Tsvetaeva and her husband spent summers in the Crimea until the revolution. They had two daughters: Ariadna, or Alya (born 1912) and Irina (born 1917), and one son, Georgy.[3][8]

Marina Tsvetaeva, Sergei Efron's wife and poet
Ariadna (Alya) Efron, Sergei Efron's daughter, 1926
Soviet police photo (mugshot) of Ariadna Efron, 1949

Russian revolution

Efron volunteered for the military in 1914 and by 1917 he was an officer stationed in Moscow with the 56th Reserve.[6] In October 1917 he participated in the battles with the Bolsheviks in Moscow, then he joined the White Army and participated in the Ice March and defense of the Crimea,[9] while Marina returned to Moscow hoping to be reunited with her husband.[7] During that time, though, the relationship between Efron and Tsvetaeva was severely strained with very little communication between the two. Efron was particularly disenchanted with what he felt was a revolution largely unsupported by the Russian people, the expression of which inspired Tsvetaeva's Daybreak on the Rails.[5]

She was trapped in Moscow for five years, where there was a terrible famine. The Moscow famine was to exact a toll on Tsvetaeva. Starvation and worry were to erode her looks. With no immediate family to turn to, she had no way to support herself or her daughters. In 1919, she placed both her daughters in a state orphanage, mistakenly believing that she would be better fed there. Alya became ill and Tsvetaeva removed her but Irina died there of starvation in 1920.[7]

Post revolution

At the end of the revolution, Efron emigrated to Berlin.[10] There in May 1922, Efron was reunited in Berlin with his wife, Tsvetaeva, and daughter Ariadna who had left the Soviet Union.[11] In August 1922, the family moved to Prague. Living in unremitting poverty, unable to afford living accommodation in Prague itself, with Efron studying politics and sociology at the Charles University and living in hostels, Tsvetaeva and Ariadna found rooms in a village outside the city. She writes "we are devoured by coal, gas, the milkman, the baker...the only meat we eat is horse-meat".[8]

In summer 1924, Efron and Tsvetaeva left Prague for the suburbs, living for a while in Jíloviště, before moving on to Všenory, where Tsvetaeva conceived their son, Georgy, whom she was to later nickname 'Mur'.[8] He was a difficult child but Tsetaeva loved him obsessively. With Efron now rarely free from tuberculosis, their daughter Ariadna was relegated to the role of mother's helper and confidante, and consequently felt robbed of much of her childhood.[8]
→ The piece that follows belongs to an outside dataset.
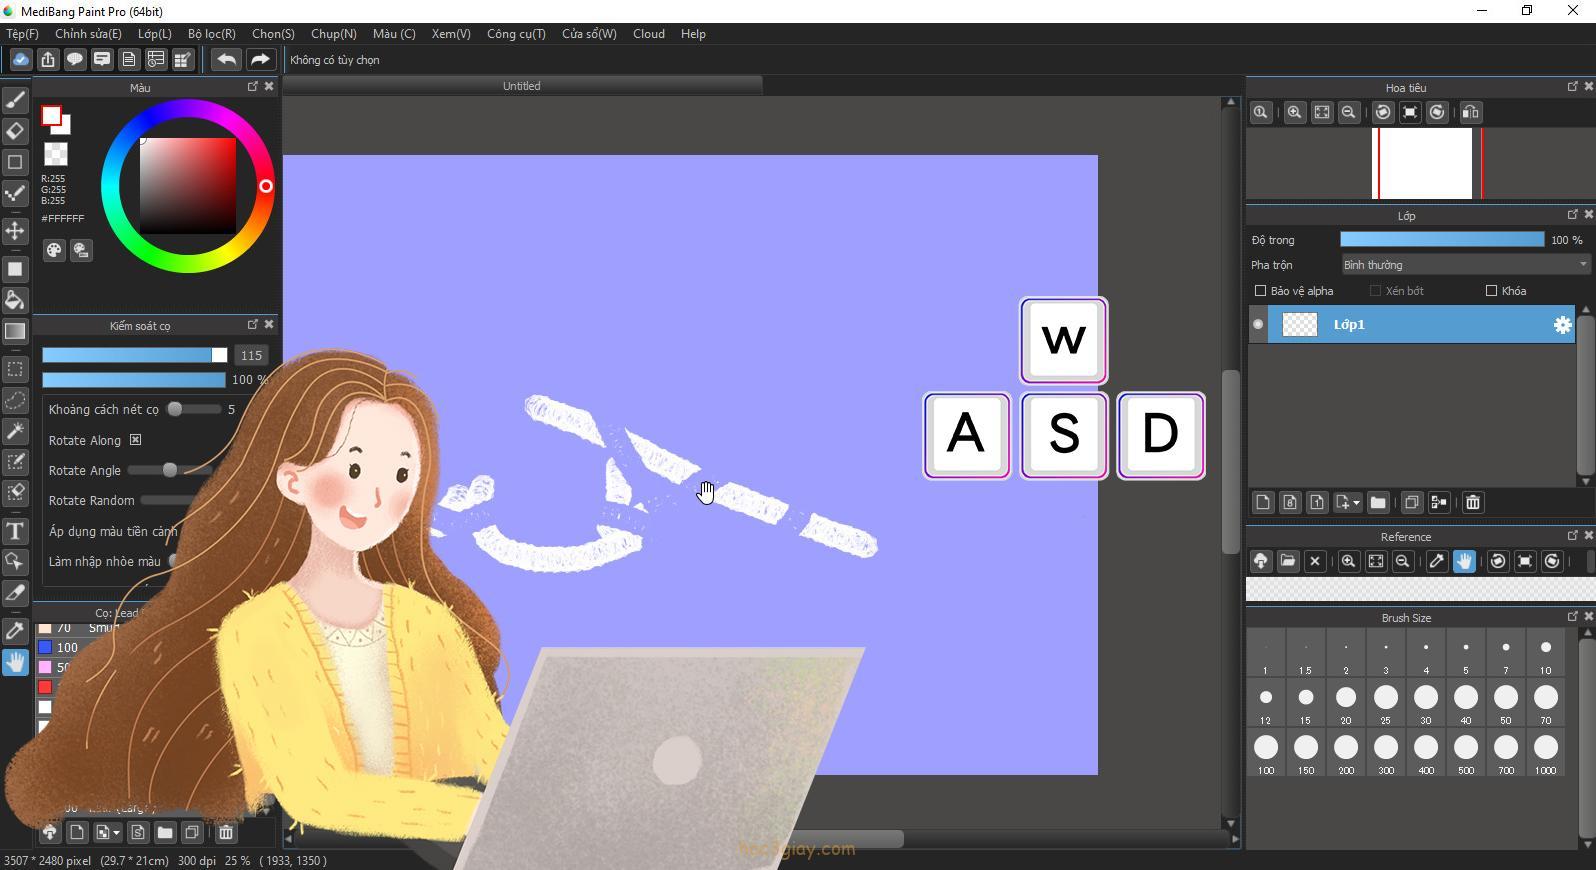 Bảng phím tắt thông dụng nhất trong MediBang Paint Pro nên biết

In 1925, the family settled in Paris, where they would live for the next 14 years. During this time Tsvetaeva contracted tuberculosis.[11]

NKVD agent

While in Paris, Efron was developing Soviet sympathies and was homesick for Russia.[11] He was afraid because of his past as a White soldier. Eventually, either out of idealism or to garner acceptance from the Communists, he began spying for the NKVD, the forerunner of the KGB, and in doing so was established in a dacha, a cabin in the country. Alya shared his views, and increasingly turned against her mother. In 1937, she returned to the Soviet Union. Later that year, Efron too had to return to USSR. In September 1937, the French police implicated him in the murder of the former Soviet agent and defector Ignace Reiss (also known as Ignaty Reyss and Ignatz Reiss), on a country lane near Lausanne, Switzerland.[10][11][12]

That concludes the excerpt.